Task requirements — Among the entries below, retype exactly the lines starting with the one with "Bridesmaid holding a wedding bouquet" and going on through the one with "HostDominus - hostdominus.com.br*", but not the pictures.

Source data —
::::
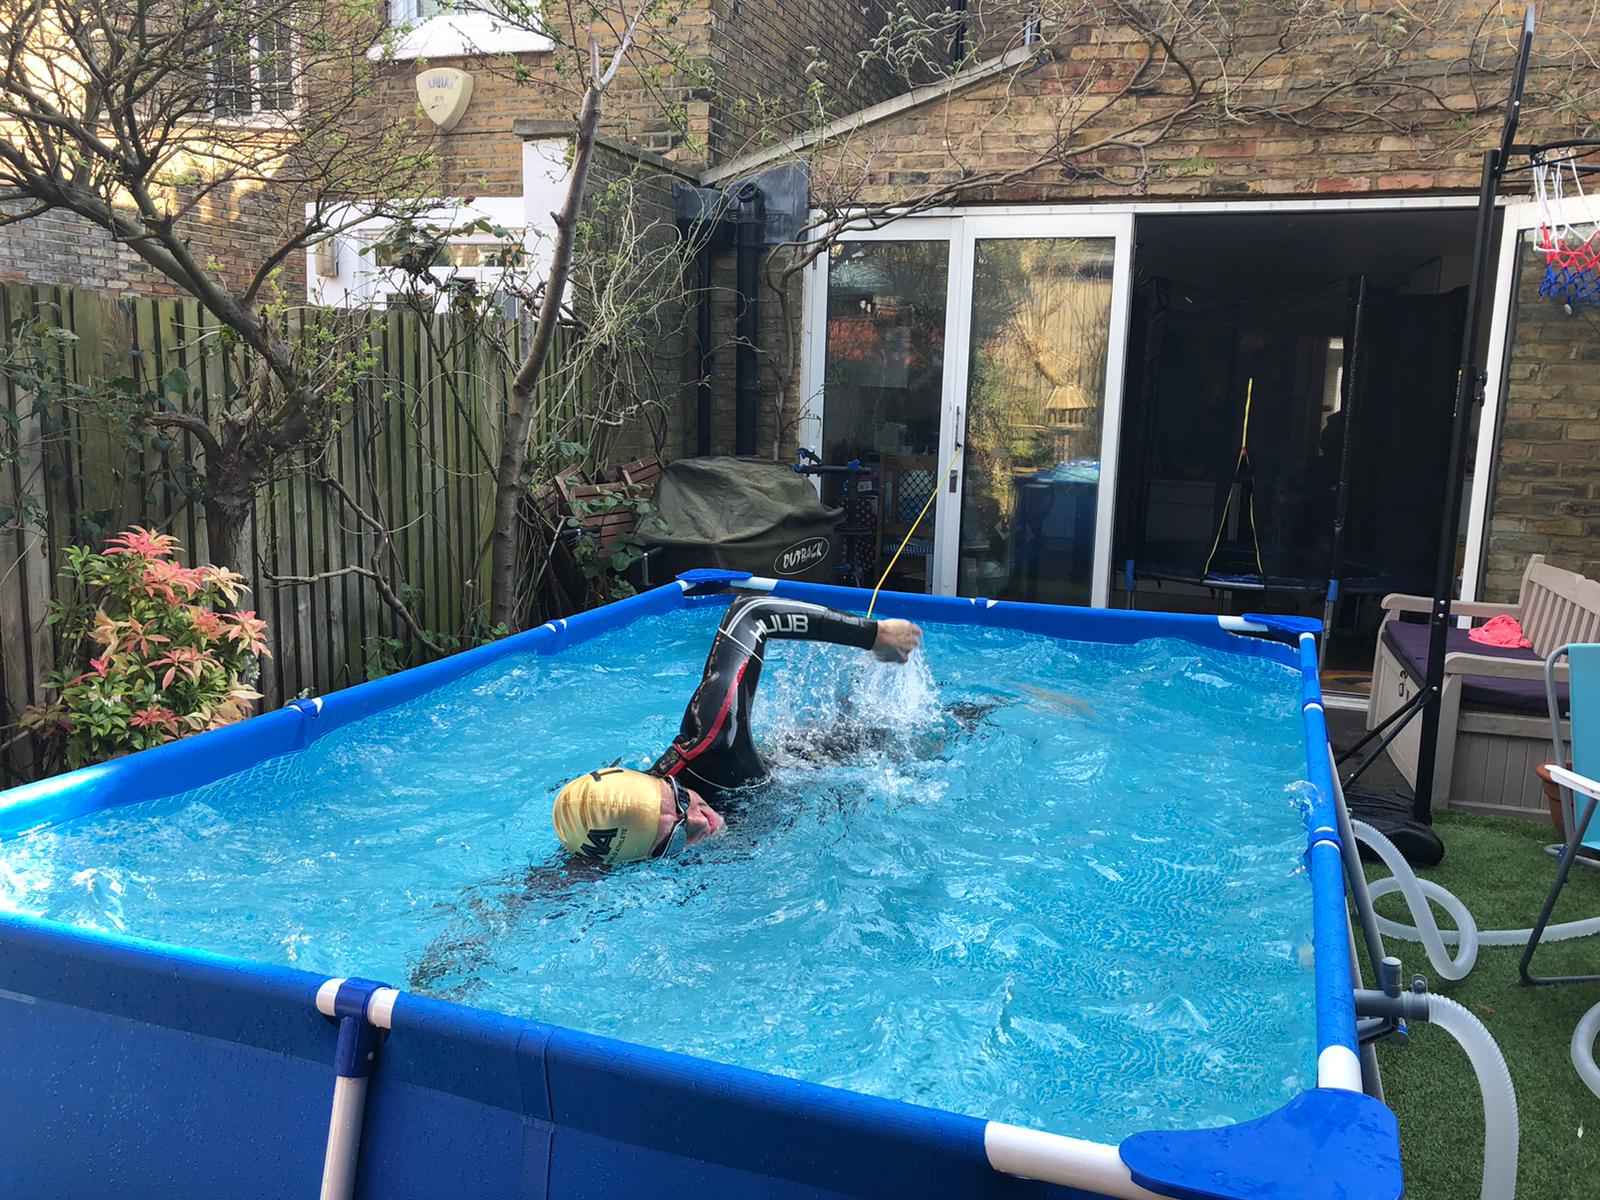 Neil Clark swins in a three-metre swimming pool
::::
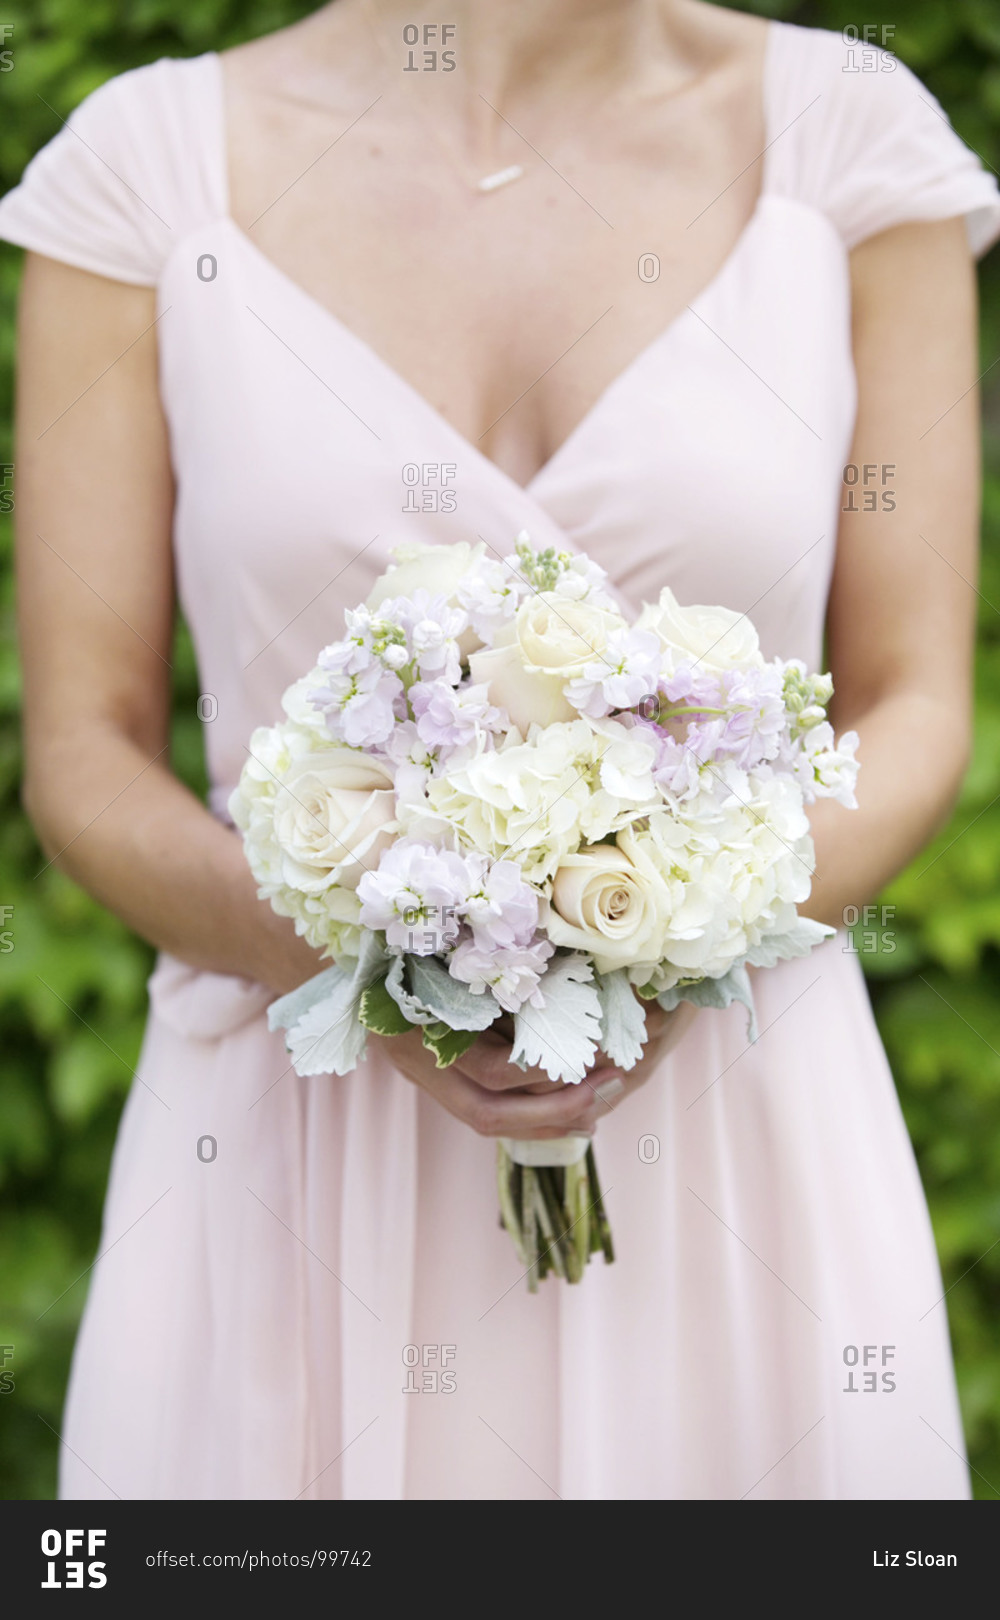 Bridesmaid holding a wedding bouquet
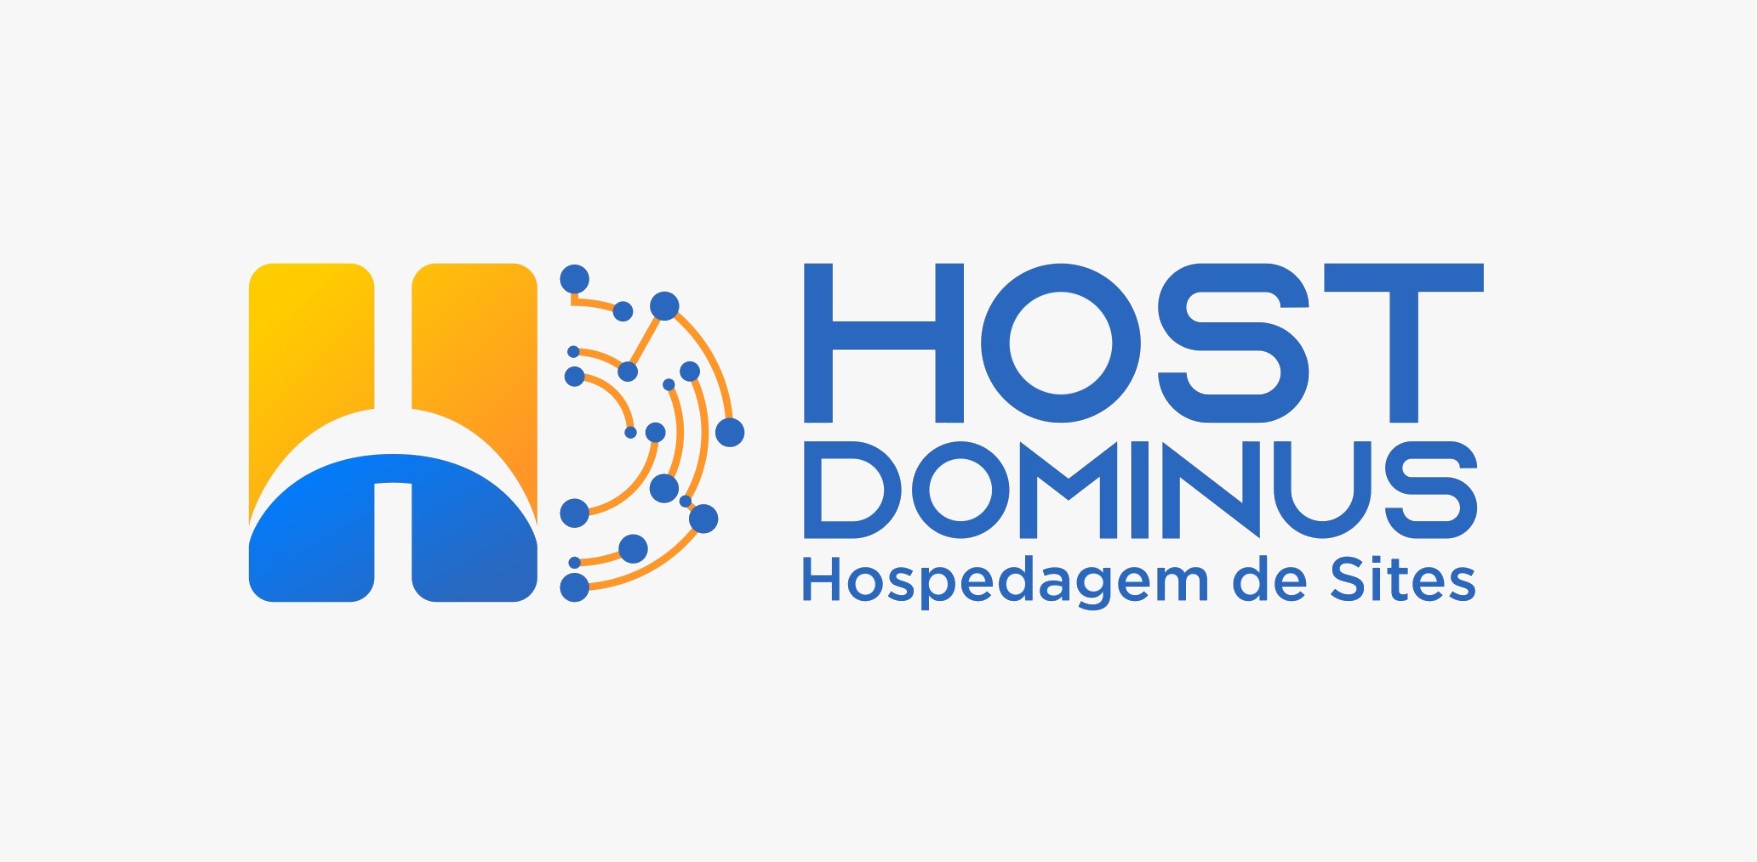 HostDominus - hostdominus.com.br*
::::
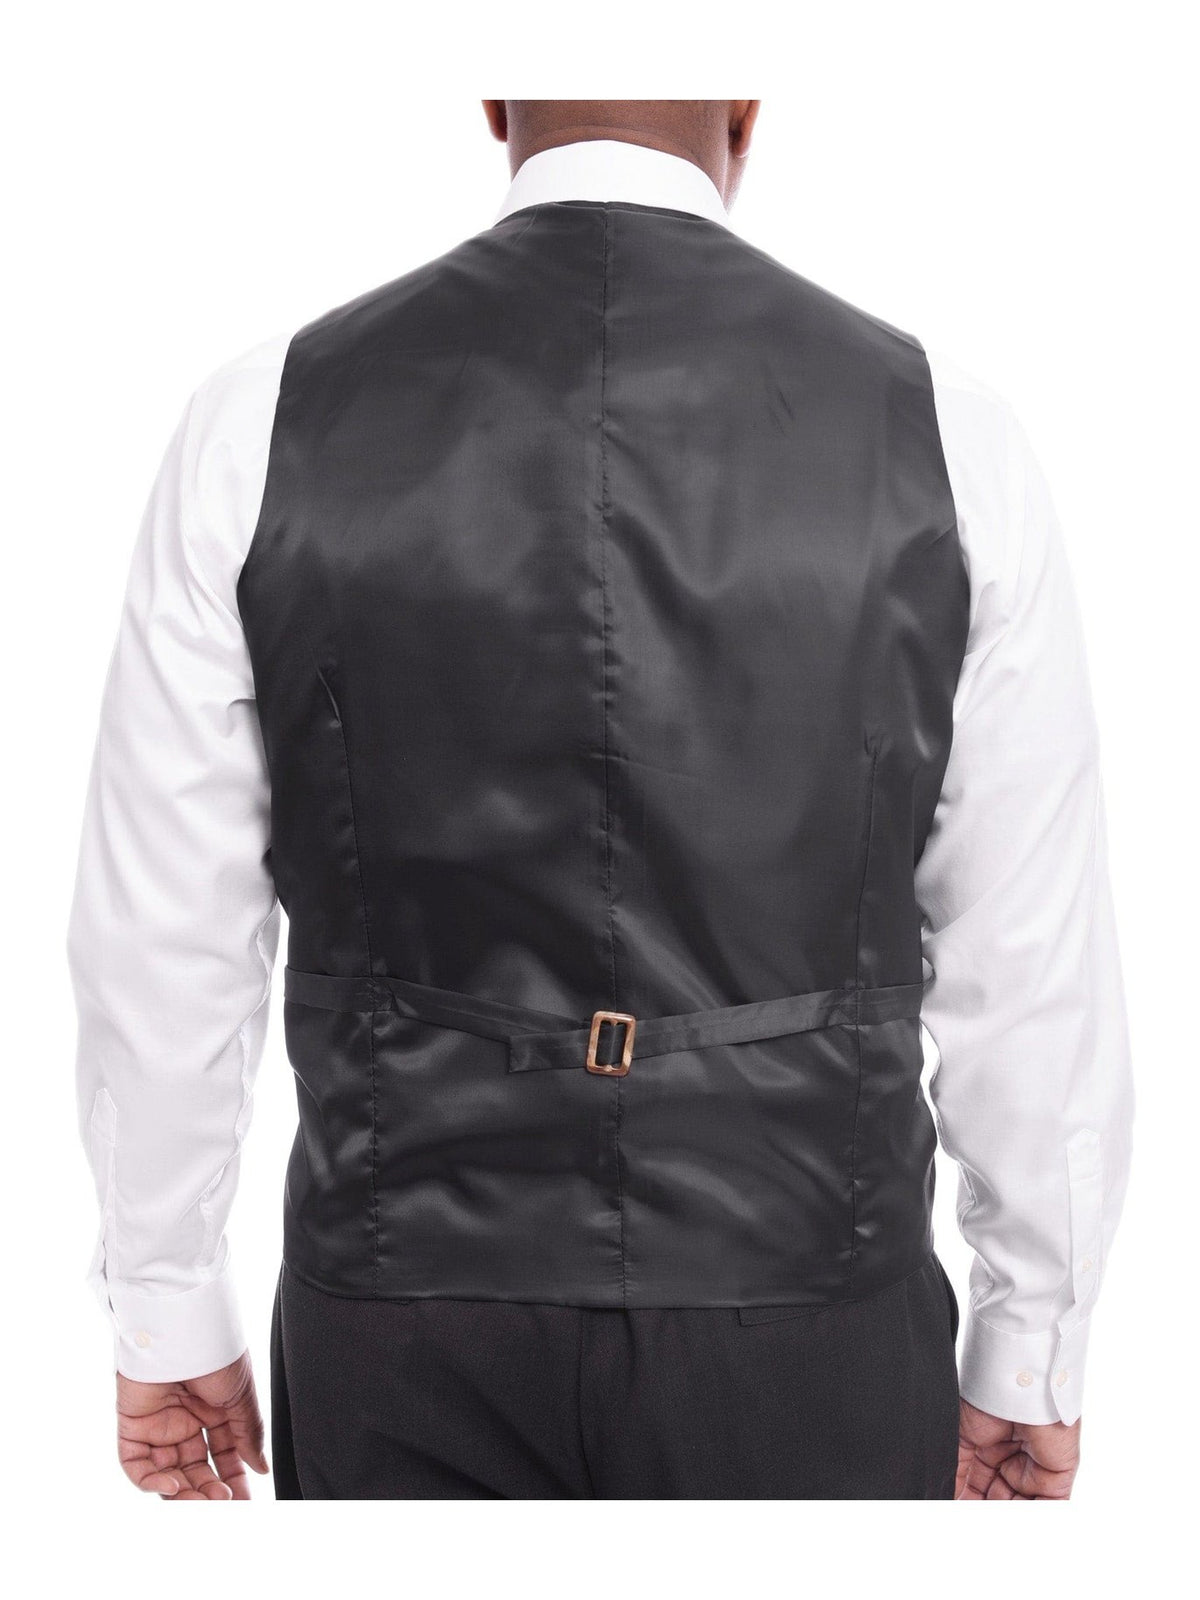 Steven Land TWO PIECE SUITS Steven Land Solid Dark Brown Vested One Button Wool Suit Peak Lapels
::::
Output of the task —
 Bridesmaid holding a wedding bouquet
 HostDominus - hostdominus.com.br*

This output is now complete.